Obviamente não se fala de que isso permite no Brasil a transferência
de recursos públicos para o setor privado.
Por
último, mas não menos importante é preciso chamar a atenção para o
fato da criação do PROIFES. “Entidade” que serviu apenas para tentar
quebrar o ANDES-SN e que hoje “our guest star” governamental para
fingir que negocia. Essa “entidade” não conseguiu mudar a regra
salarial ou de carreira. Mas atrapalhou e muito a mobilização dos
docentes. Estes primeiro fingiram que o proifes (em minúscula mesmo)
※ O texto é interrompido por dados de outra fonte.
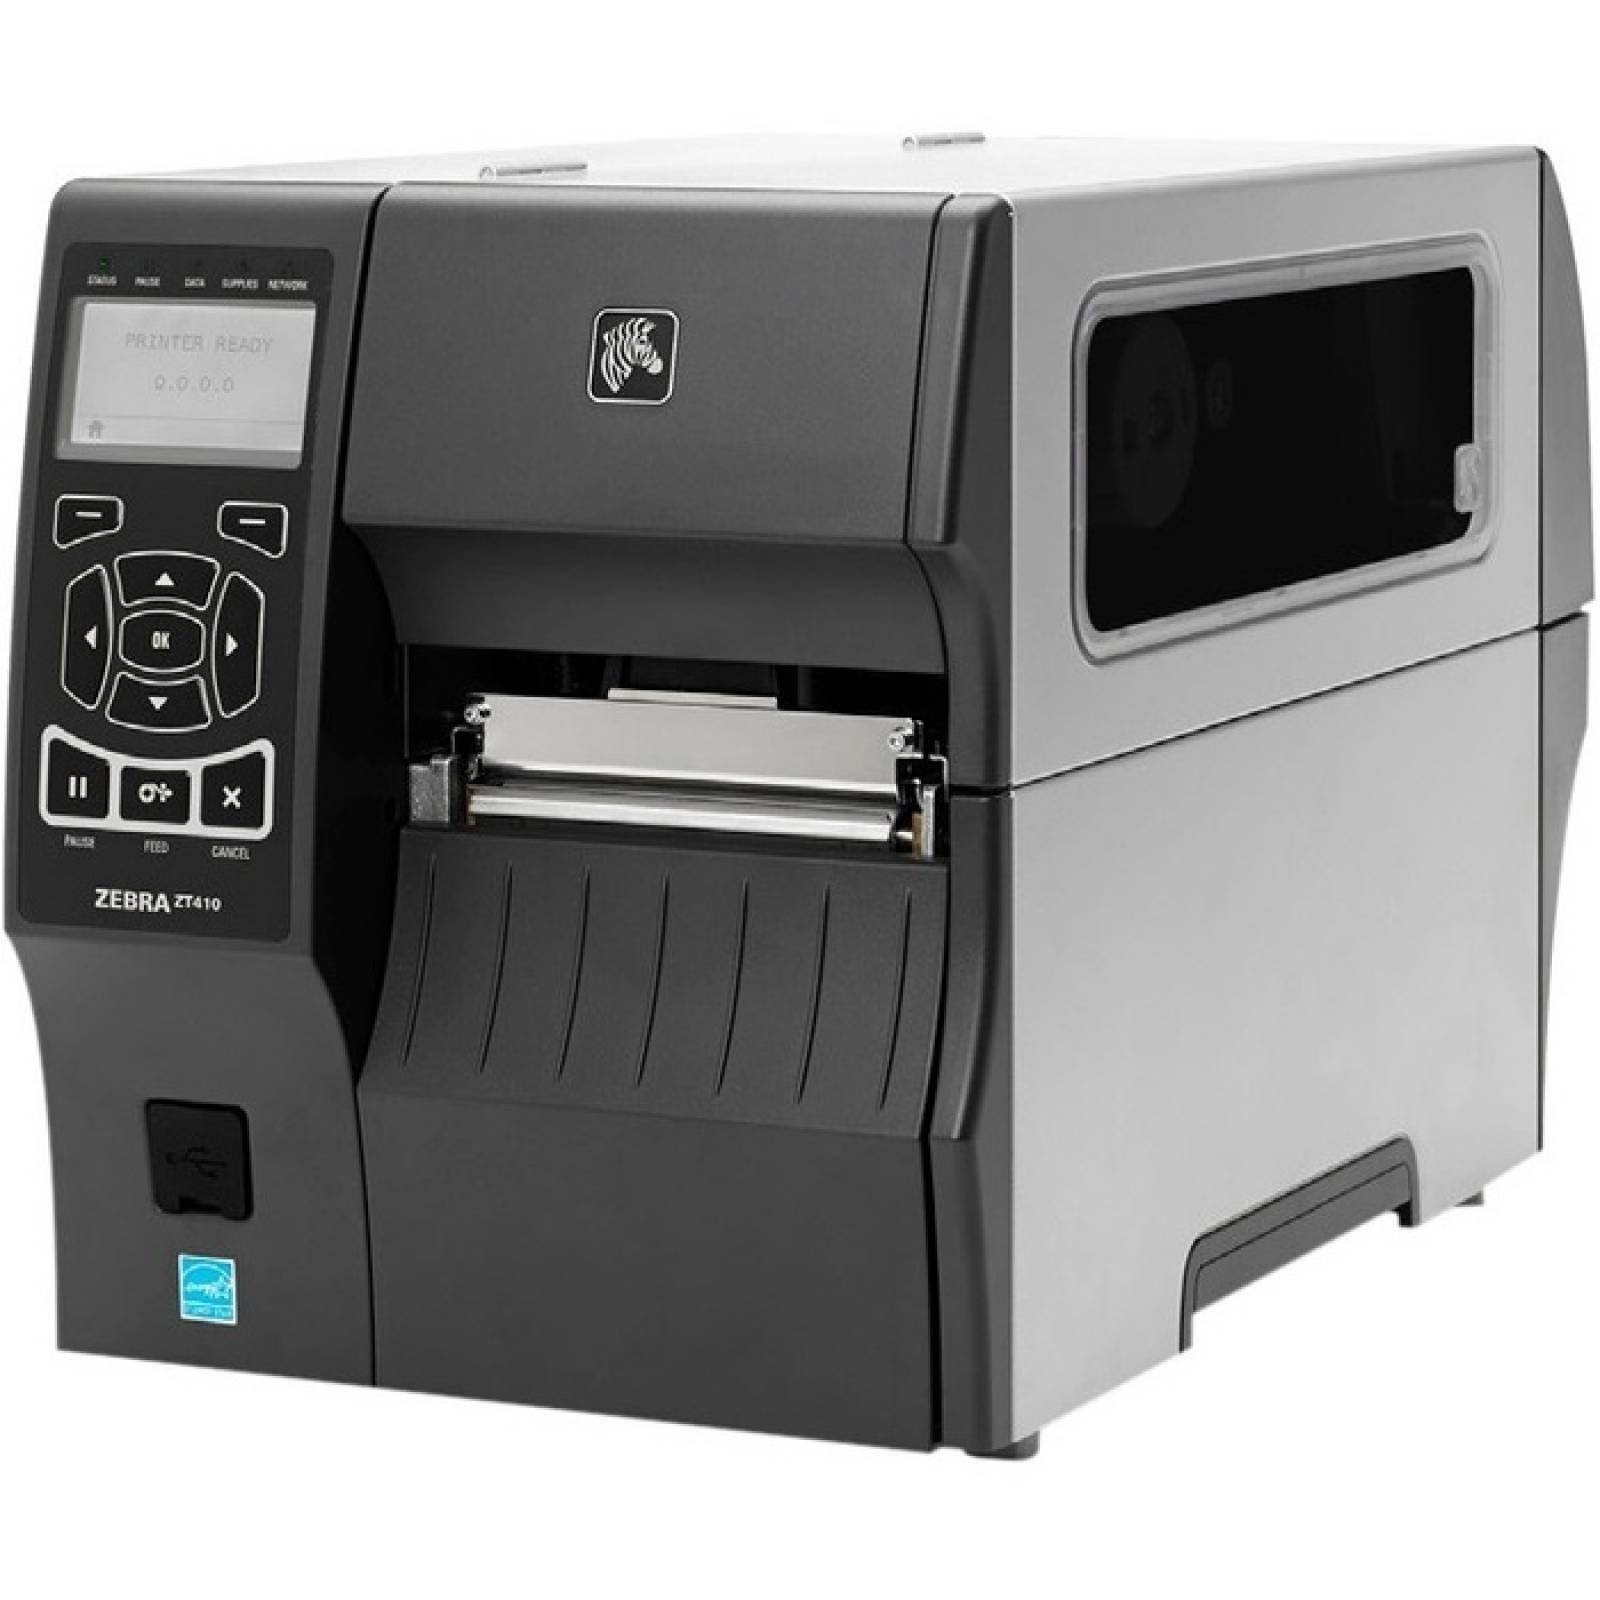 Impresora de transferencia trmica  trmica Zebra ZT410 directa  Monocromo  Escritorio  Impresin de etiquetas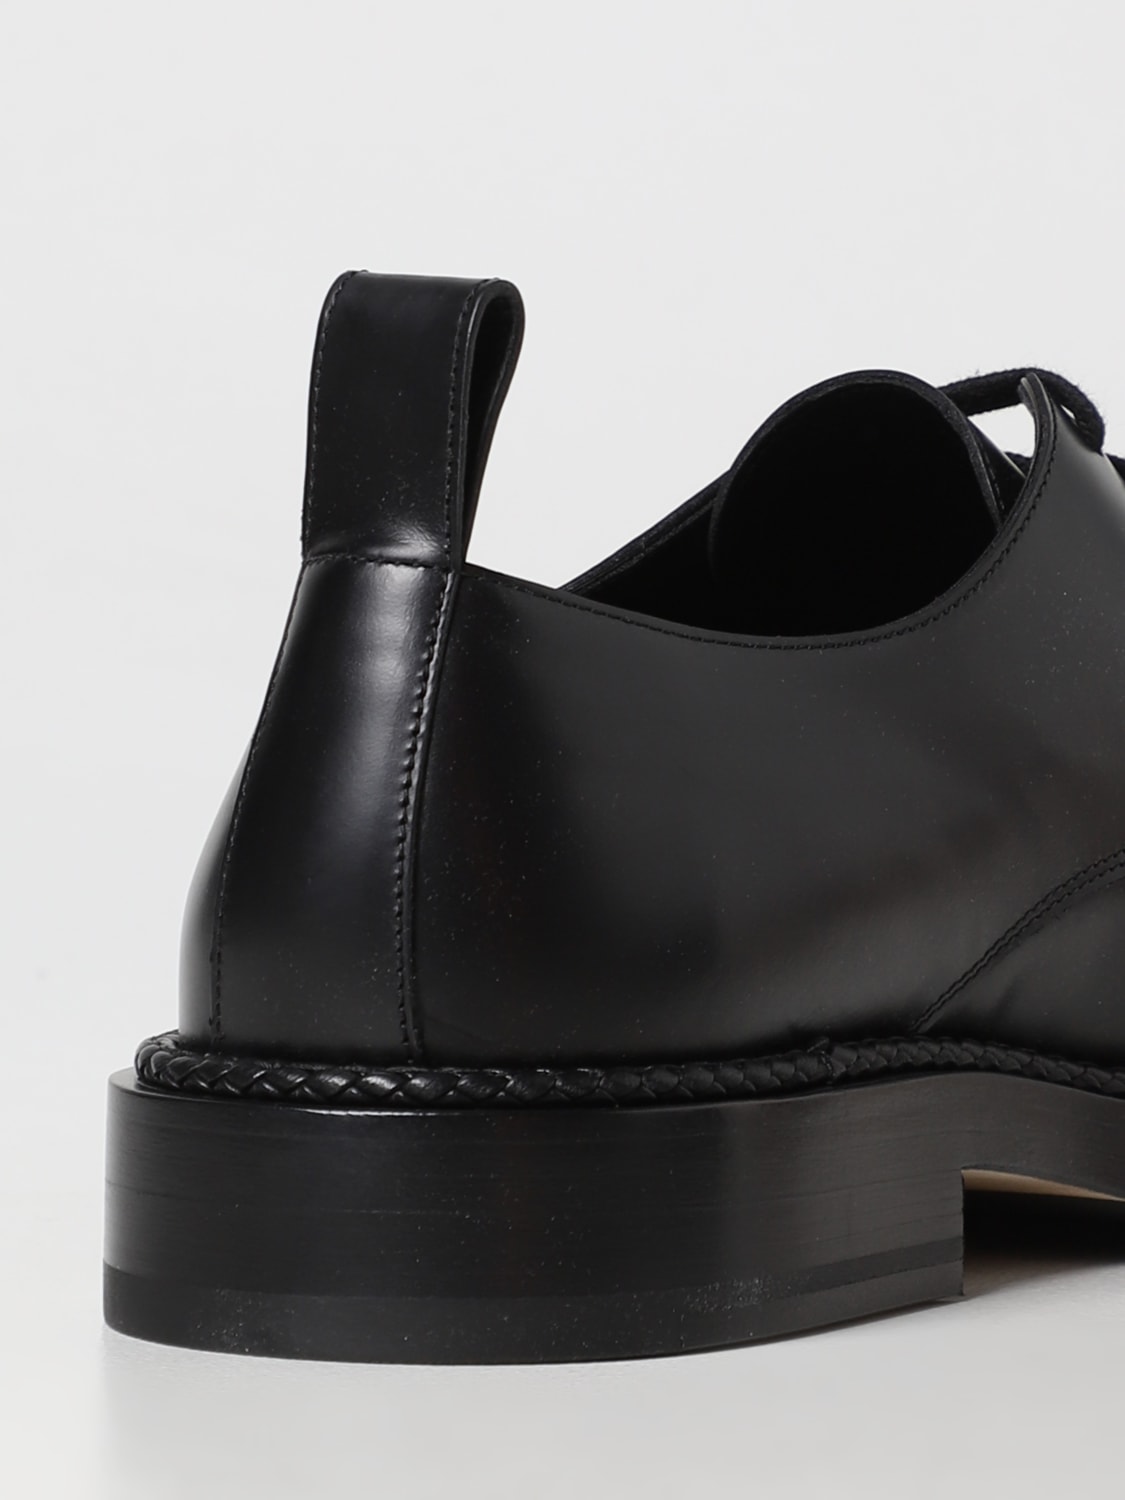 BOTTEGA VENETA: Strut derby shoes in leather - Black | BOTTEGA

não existia – era quase pecado falar nele – e agora se defrontam com
um longo processo de desgaste do ANDES-SN seja pela retirada das
entidades de base, seja pelo reforço à cassação do nosso registro
sindical.
Considerando a questão acima, como o Sindicato Nacional pode se
aproximar mais da sua base? Qual a receita para que o ANDES-SN
permaneça sendo reconhecido como um Sindicato Classista e Autônomo por
mais 30 anos?
Edmundo
Fernandes Dias:
Essa é a questão crucial. Na realidade co-existem na Universidade
Pública de pelo menos duas gerações. Uma que viveu o mito do
desenvolvimentismo, do capitalismo autônomo e da democracia ainda que
liberal. Outra que veio junto com a chamada transformação do mundo do
capital. A pesquisa socialmente engajada perdeu sentido para muitos
docentes. O produtivismo – que é diferente de produtividade – faz com
que publicar seja o referencial, o ensino deixa de ser relevante. O
Currículo Lattes passa a ser o termômetro da vida acadêmica. A tarefa
é como fazer essas duas gerações dialogarem. Penso que isto passa por
um debate mais profundo com a sociedade. Vencer esse corte permitirá
colocar em movimento a academia. Aqui a sociedade tem um papel mais
que decisivo. Se ela vencer o seu preconceito antiintelectualista – de
que nós somos em grande parte responsáveis – poderemos ver esse
processo pôr-se em movimento. Tratamos um pouco dessa questão nas
respostas acima.
Por que
é tão importante para o Sindicato Nacional estar filiado à
CSP-Conlutas? Que contribuições a Central pode trazer para o campo
político?
Edmundo
Fernandes Dias:
Estar na CSP-Conlutas é uma grande possibilidade de fazer o debate com
a sociedade. Com a CSP-Conlutas temos uma central autônoma. E é essa
autonomia que permitirá – junto com outros setores que se coloquem no
campo da luta contra as medidas mais repressivas do capitalismo. Como
a CSP-Conlutas reúne os movimentos de juventude, de etnias (recuso-me
a falar em raça, pois quem viveu o século passado sabe bem ao que
fomos levados por essa questão associadas é claro ao capitalismo), de
gênero, de classe, de cultura popular. É esse o grande debate e a
construção com esse conjunto que vai permitir a todos nós superarmos a
ordem do Capital.
Em seu
30º Congresso, o ANDES-SN aprovou o Plano de Carreira do Professor
Federal. Qual a importância desta deliberação para a categoria? Por
que o Sindicato Nacional demorou a ter um próprio Plano de Carreira
para os professores? Que outras deliberações do último evento do
Sindicato Nacional considera essencial destacar?
Edmundo
Fernandes Dias:
Curioso! A primeira greve nacional dos docentes foi exatamente sobre a
questão da carreira. A carreira vigente foi imposta pelo governo, não
representando o ponto de vista da categoria. Hoje estamos novamente
nessa luta. Durante todo esse longo intervalo o governo, como prática
normal, buscou com todas suas forças defraudar essa carreira por ele
mesmo imposta. Lembremos a GRIPE, os centros de excelência, as PPP, a
lei que permitia o uso dos recursos pelas empresas privadas, o
esvaziamento da pesquisa universitária. Demoramos a ter uma proposta?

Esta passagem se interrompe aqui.